Silbermond sind erwachsen geworden: Nachdem ihr letztes Album konsequent die Erwartungen der Fans bediente, erobern sie mit „Himmel auf“ neue Gefilde – ohne sich dabei untreu zu werden.
„Durch die Nacht“ und „Symphonie“ hießen die ersten schmachtenden Rockballaden von Silbermond, mit denen die Bautzener Band ihren medialen Durchbruch schaffte. Das ist acht Jahre her. Inzwischen ist Silbermond längst ein fester und groß gefeierter Bestandteil des deutschsprachigen Musik-Mainstreams.
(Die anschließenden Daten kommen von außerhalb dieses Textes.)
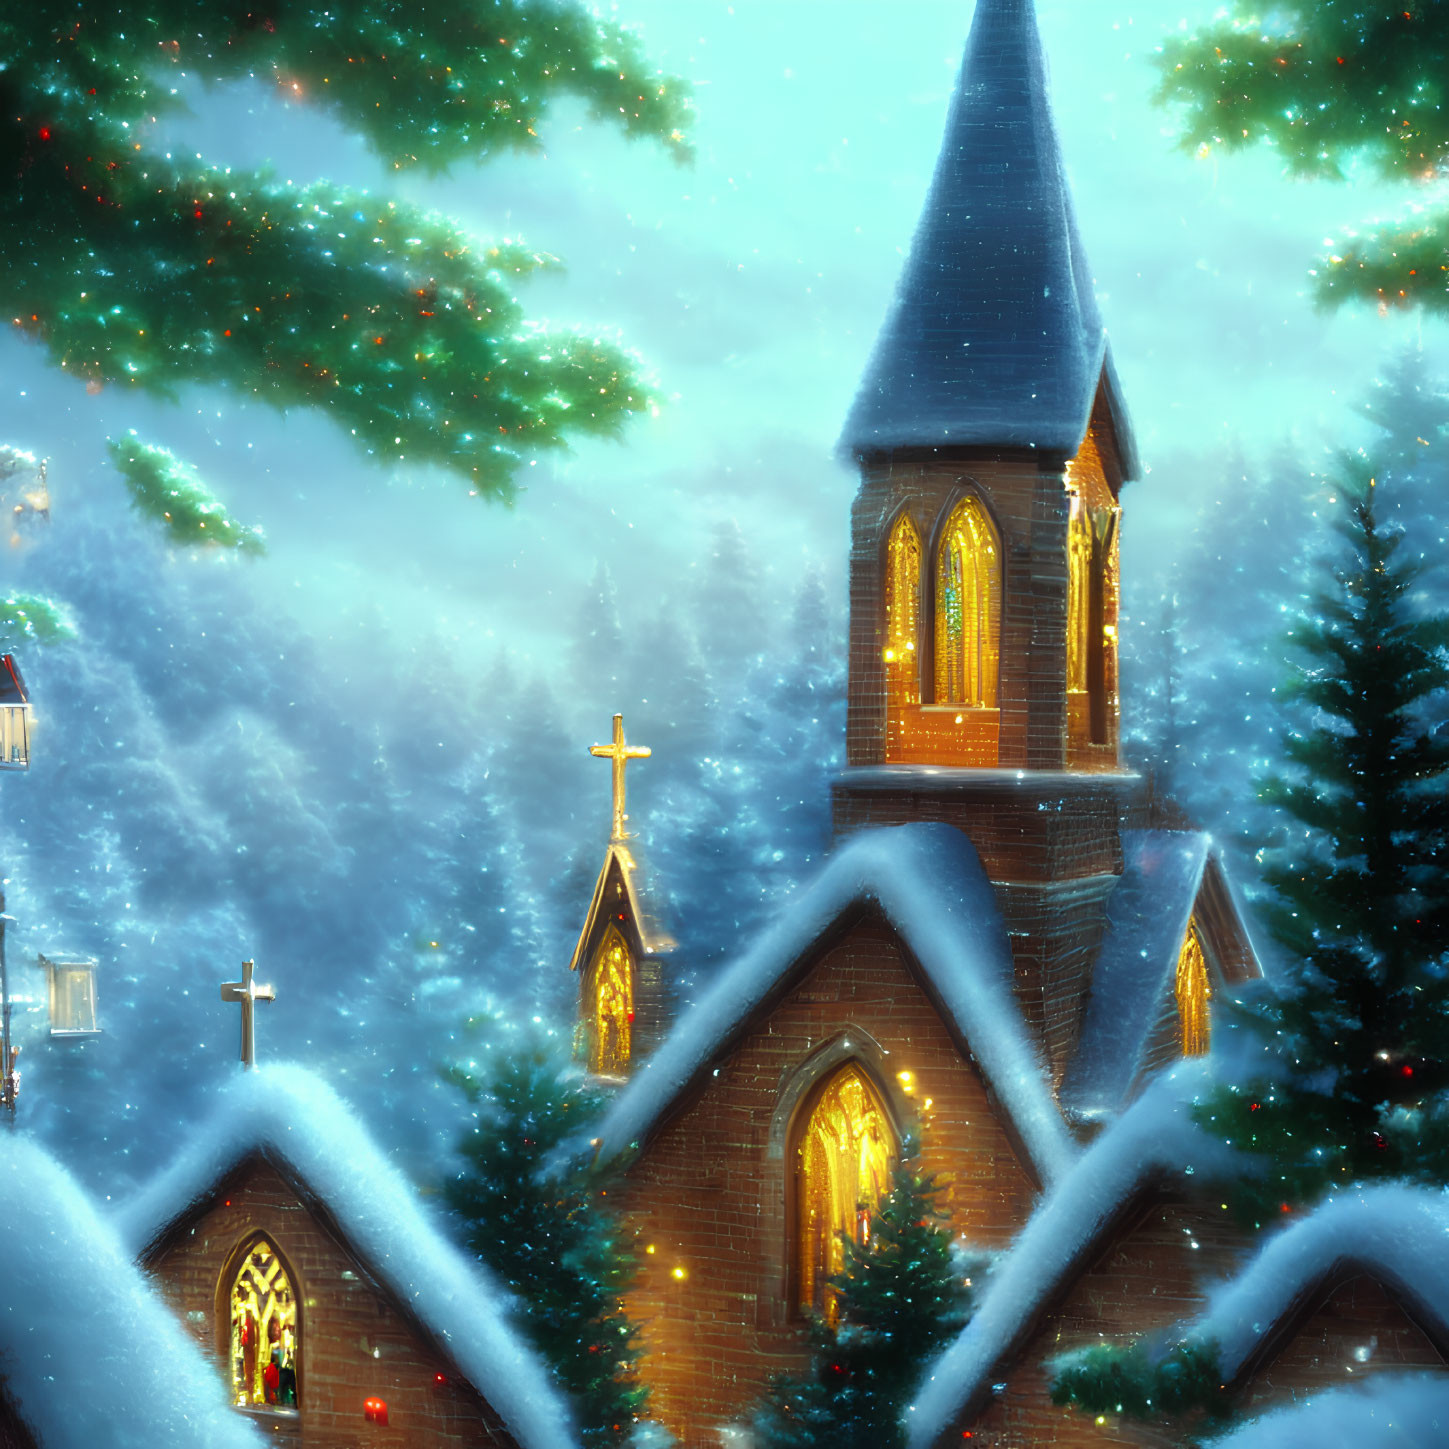 Snow-covered church in pine forest under starry sky: serene winter scene

Zahlreiche große Musikpreise, Top-10-Hits, Schallplatten in Gold und Platin, ausverkaufte Touren. Statt kleiner Clubs füllt die einstige Schülerband längst die großen Arenen der Republik, im Mai geht es auf eine kleine Europa-Tour. Eine regelrechte Bilderbuchkarriere.
Doch auch Bands mit Bilderbuchkarrieren haben ihre kreativen Krisen, die bewältigt werden müssen. Vergangene Woche veröffentlichten Silbermond ihr viertes Studioalbum „Himmel auf“. Eine Platte, bei der sich Sängerin Stefanie Kloß, Bassist Johannes Stolle, Gitarrist Thomas Stolle und Schlagzeuger Andreas Nowak entscheiden mussten, ob man sich weiter auf altbewährtes verlässt, sich an den Erwartungen der Masse orientiert, oder ob man nicht doch neue Wege beschreiten will.
Die Band hat sich offenkundig für die neuen Wege entschieden. Während das vorige, überaus erfolgreiche Album „Nichts passiert“ stellenweise so klang, als ob die Band fast schon krampfhaft die Erwartungen ihrer Fans erfüllen wollte, klingt „Himmel auf“ erfrischend freier und luftiger. Man möchte fast schon sagen erwachsener. Dabei beginnt Silbermonds Reise zum aufreißenden Himmel fast altbewährt, ganz Silbermond-typisch mit der melodiösen, eingängigen Rocknummer „Unter der Oberfläche“, die allerdings, mit Synthies und Chören angereichert, schon auf die neuen Wege schließen lässt. Es klingt fast so, als hätten Silbermond hier mit Coldplay und der Rockband The Killers angebandelt. Diesen Eindruck hat man bei dieser Platte nicht nur einmal.
Silbermond probieren sich neu aus, experimentieren mit indie-elektronischen Elementen und neuen Effekten, haben auf dem Weg gar ausprobiert, den Schlagzeug-Sound mit einem Mikrofon auf einer Damentoilette einzufangen. Unterwegs entfernen sie sich zur willkommenen Abwechslung immer weiter von ihrem ursprünglichen Deutschrocksound. Was davon bleibt sind die eingängigen Melodien, die Emotionalität und Authentizität der Band, mit der sie viele ihrer Anhänger in den letzten Jahren so sehr an sich binden konnten. Silbermond gelingt es, sich mit „Himmel auf“ neu zu erfinden, aus ihrer eigenen, eingefahrenen musikalischen Routine auszubrechen.
Ihren neuen Stücken tut dieser Ausbruch hörbar gut. Statt krampfhaft auf auf authentisch getrimmte Rocknummern und herzzerreißende Balladen zu setzen, verleiht der Ausflug in andere Gefilde den neuen Titeln eine ganz eigene Größe und Tiefe. Eigentlich recht passend, denn trotz aller neuentdeckten musikalischen Spielereien, neuer Sounds und neuer Wege halten Silbermond zumindest an einem Format fest. Auch „Himmel auf“ liefert die für Silbermond nahezu obligatorischen Pop-Hymnen. Dabei kratzen einige auch im neuen Gewand an den Grenzen zu Pomp und Kitsch, aber ein paar typische Eigenheiten kann und sollte man wohl einfach nicht ablegen.
Auch textlich bleiben sich Silbermond treu. Man setzt auf bewährte Rezepte und erprobte Themen: Gefühle, Alltag, Gesellschaftskritik und die Krisen dieser Welt. Wie gewohnt ist alles in leicht verdauliche, anschauliche Bilder verpackt, ohne dabei im Plattitüden-Sumpf zu versinken oder sich etwa in verkopften Wortspielereien zu verlieren. Dieses mal eben alles nur eine Spur erwachsener als früher.